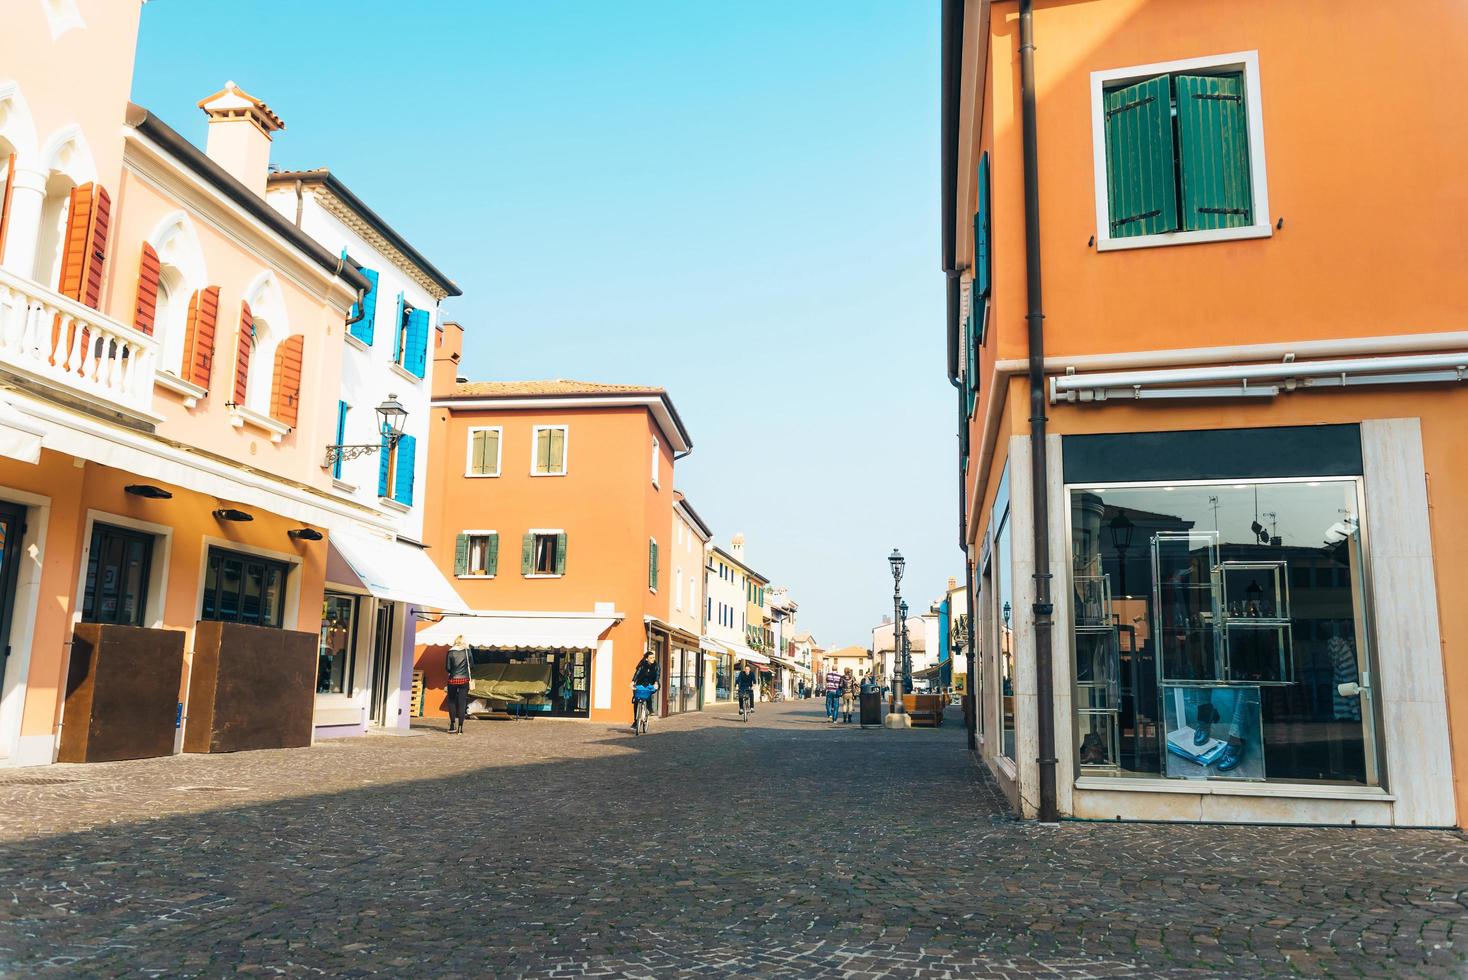 caorle, italia 2017- distretto turistico della vecchia città provinciale di caorle in italia foto
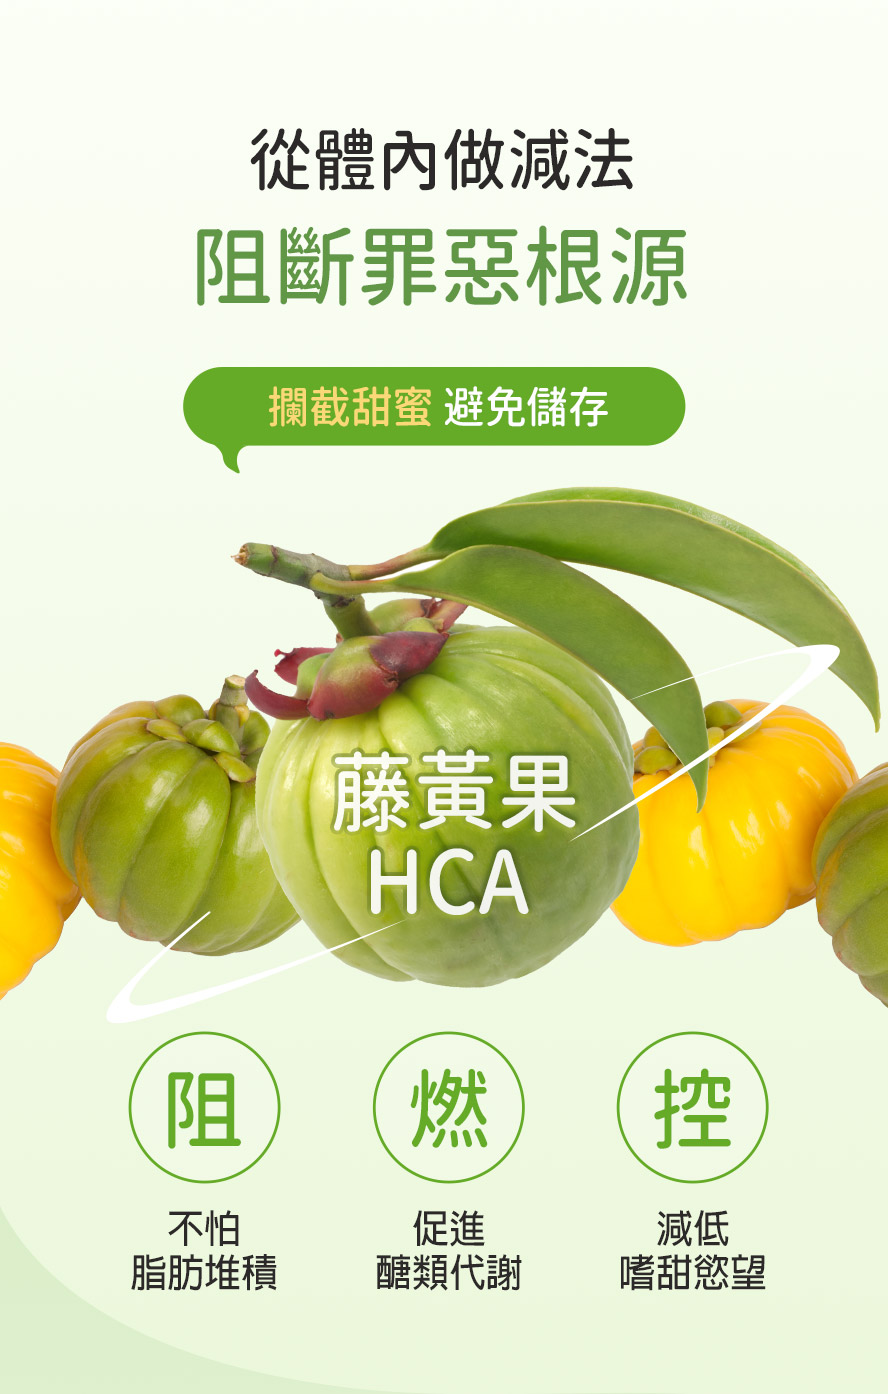 藤黃果的果皮中富含羥基檸檬酸(HCA)，是一種稀有的有機果酸，經證實可降低食慾並阻斷脂肪生成。
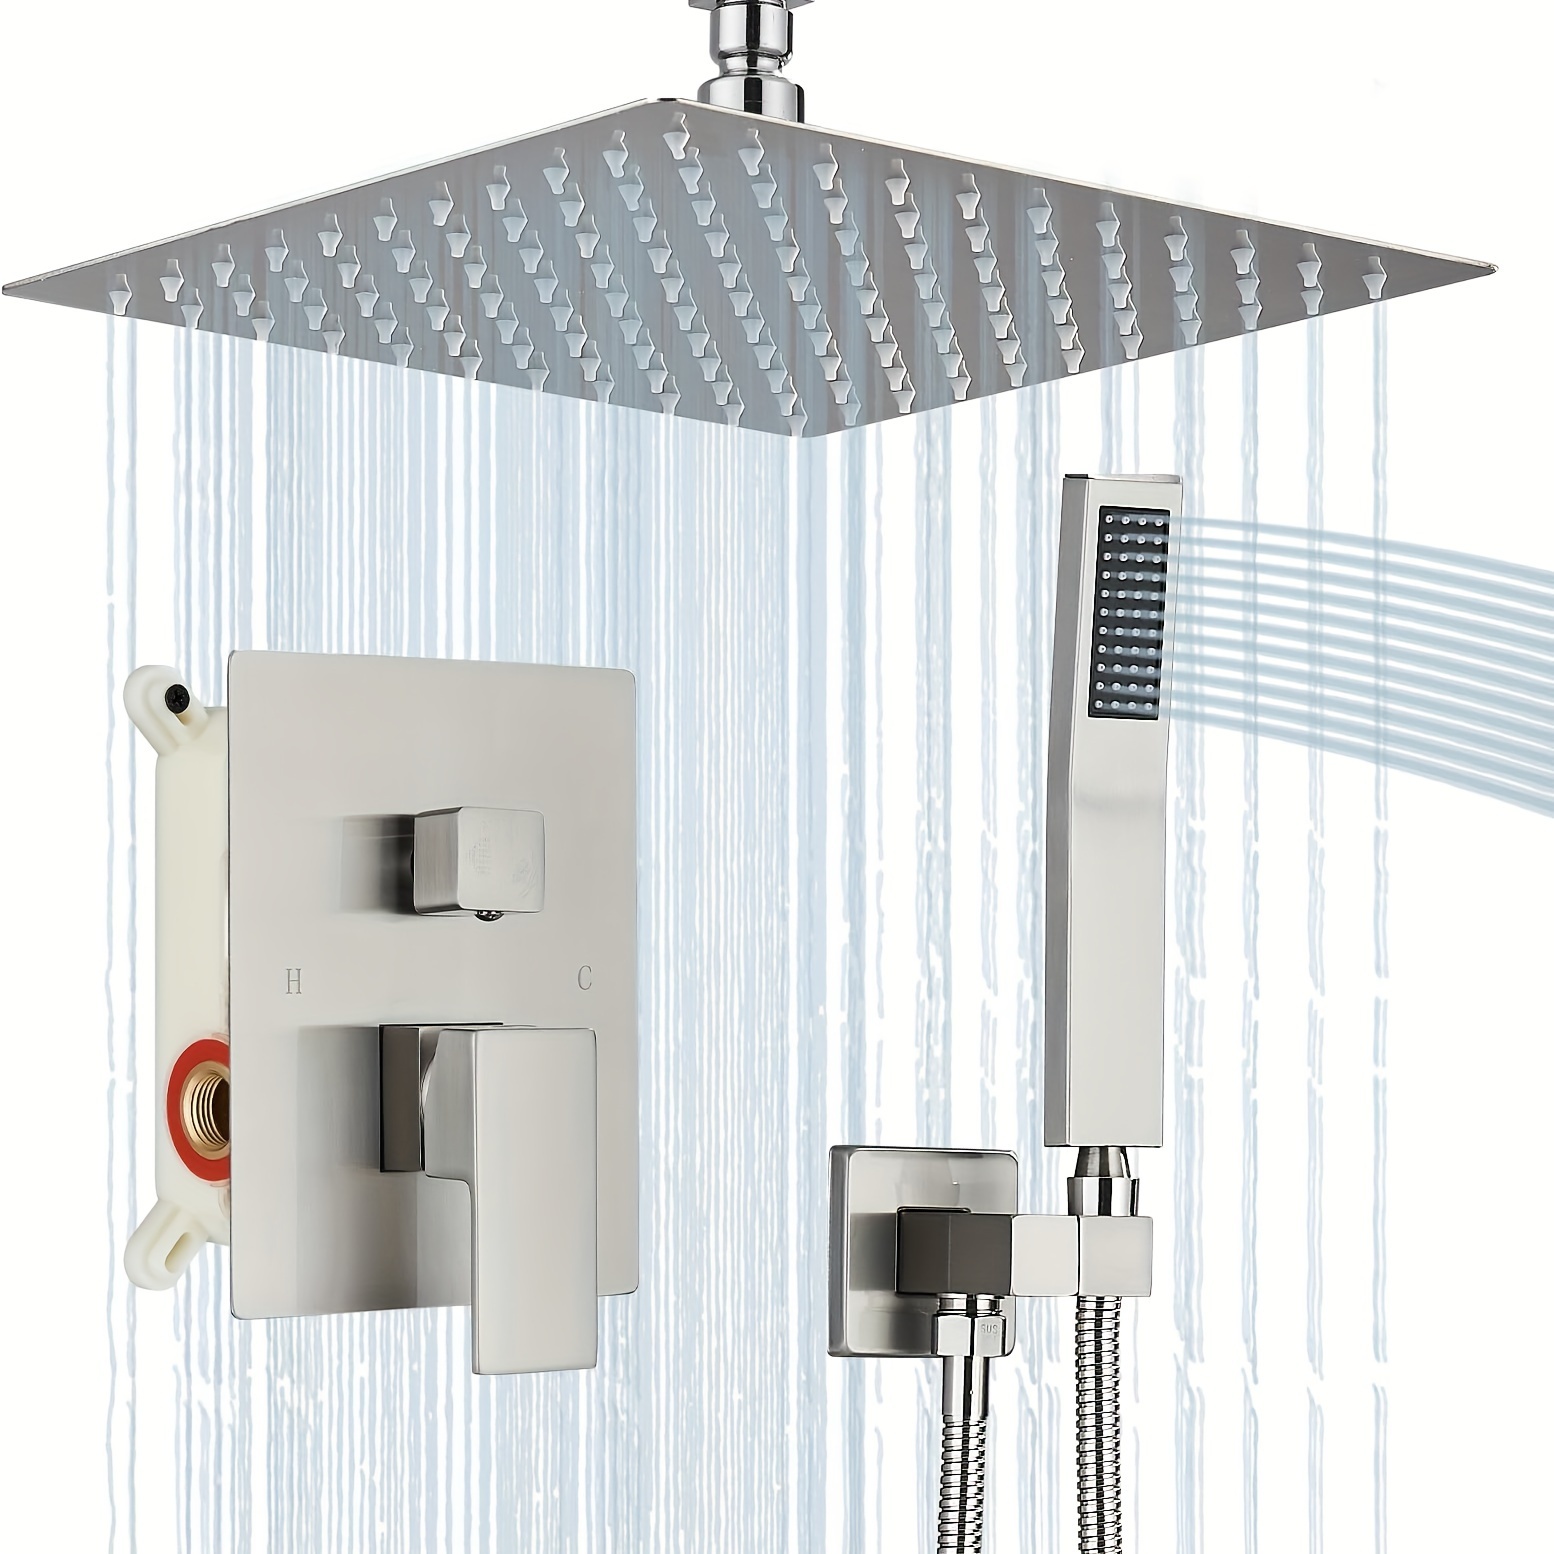 Kit de ducha modelo cuadrado con salida de agua, teleducha y repisa Tecom  Shelf DKITDSHS

◇ ◇ ◇ ◇ ◇

In the data, the line that contains "藤黃果的果皮中富含羥基檸檬酸" begins the part to write out; restate it and each line after it word for word through the end, with no pictures.

 藤黃果的果皮中富含羥基檸檬酸(HCA)，是一種稀有的有機果酸，經證實可降低食慾並阻斷脂肪生成。
 Kit de ducha modelo cuadrado con salida de agua, teleducha y repisa Tecom  Shelf DKITDSHS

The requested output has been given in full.